Number Theory

The first thing we do is move the a₇/7! to the other side:

$\frac57-\frac{a_7}{7!}=\frac{5\cdot6!}{7!}-\frac{a_7}{7!}=\frac{5\cdot6!-a_7}{7}\frac1{6!},$

we require the first fraction to be an integer. This is the case for a₇=2, now we can bring the next fraction to the left:

$\frac{514}{6!}-\frac{a_6}{6!}=\frac{514-a_6}{6}\frac{1}{5!},$

for the first fraction to be an integer a₆ needs to equal 4. We bring the next fraction to the left:

$\frac{85}{5!}-\frac{a_5}{5!}=\frac{85-a_5}{5}\frac1{4!},$

which requires a₅ to be zero. We bring the next fraction to the left:

$\frac{17}{4!}-\frac{a_4}{4!}=\frac{17-a_4}{4}\frac1{3!},$

which requires a₄ to be 1. We continue on our course:

$\frac{4}{3!}-\frac{a_3}{3!}=\frac{4-a_3}3\frac12,$

obviously a₃ should be one. We are left with:

$\frac12=\frac{a_2}{2!},$

and we get a₂=1, case solved. Checking our answer with the calculator:

$\frac{1}{2!}+\frac{1}{3!}+\frac{1}{4!}+\frac{4}{6!}+\frac{2}{7!}-\frac57=0.0000000000000000143,$

which is purely a machine error, since 1/7! equals 0.0001984126984127 which is far larger than our error.
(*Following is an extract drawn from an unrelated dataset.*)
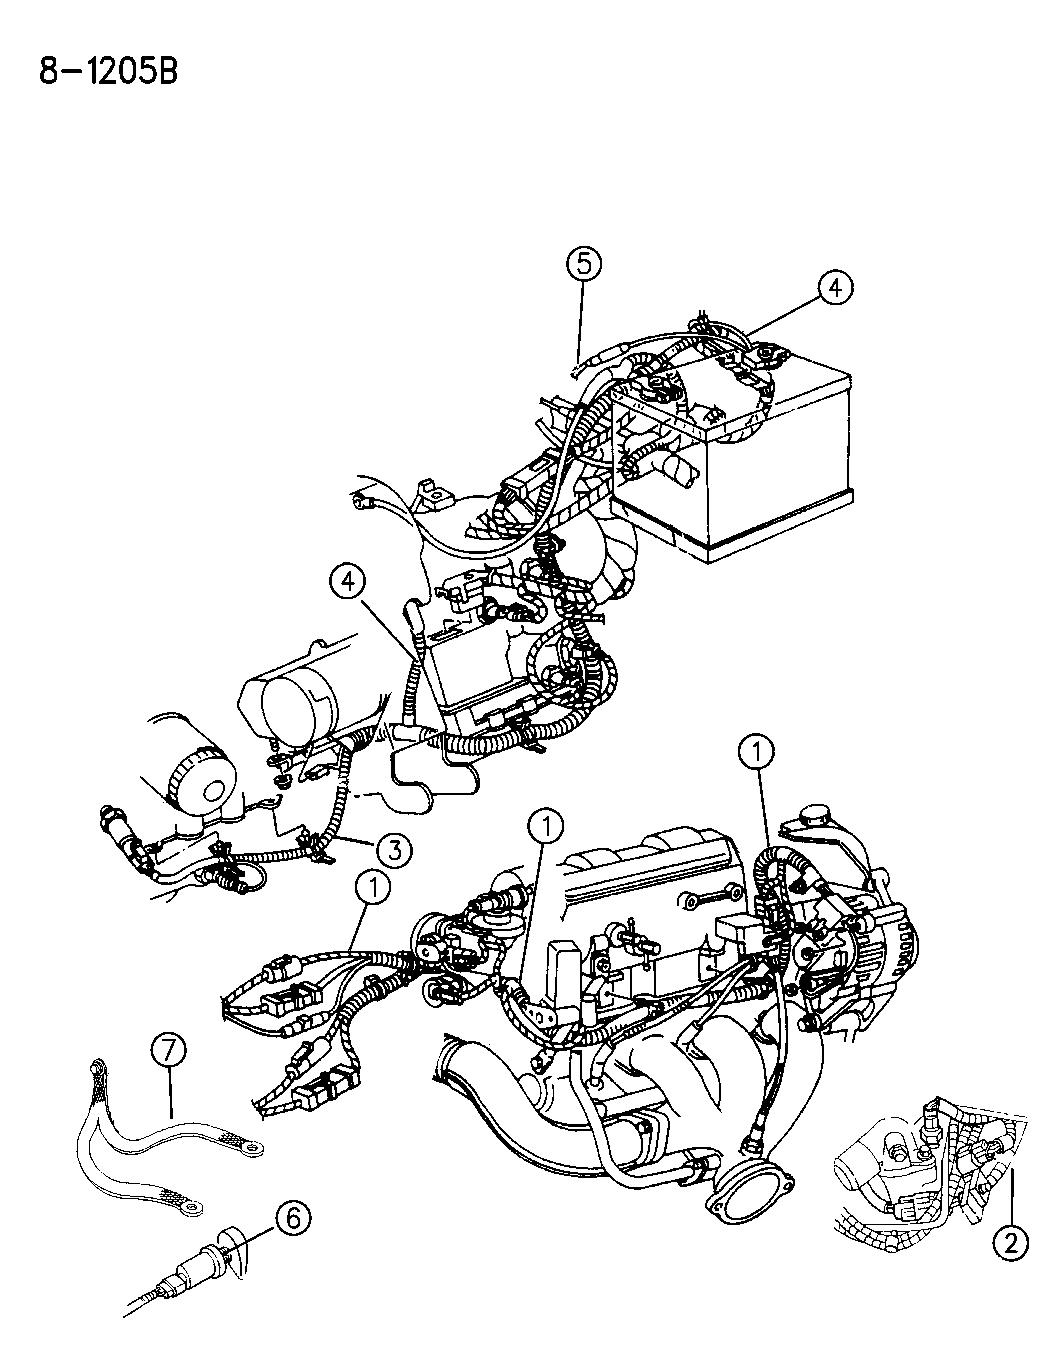 mopar 4692012 1993 Chrysler Concorde Steering Wheel Factory

Note that   5/7   =  0.7142857     [ the  7142857 is a repeating string ]

Try this  :

 a₂ = 1, a₃  = 1, a₄  = 1,  a₅  = 0, a₆ = 4, a₇ = 2

1/2! + 1/3! + 1/4! + 0/5! + 4/6! + 2/7!   =     5 / 7

I didn''t really have a mathematical way to solve this.....but, note  that

1/2!  + 1/3! + 1/4!  + 1/5! = 43/60 > 5/7

And 

1/2!  + 1/3!   + 1/4!  = 17/24  <  5/7

So......we need that    5/7  - 17/24   =  1/168   =   a₆/6! + a₇/7!

So........it was just a case of  letting a₅ = 0 and then  manipulating a₆  and a₇  to find a solution

Perhaps some other mathematician can find a more elegant way to the solution....!!!!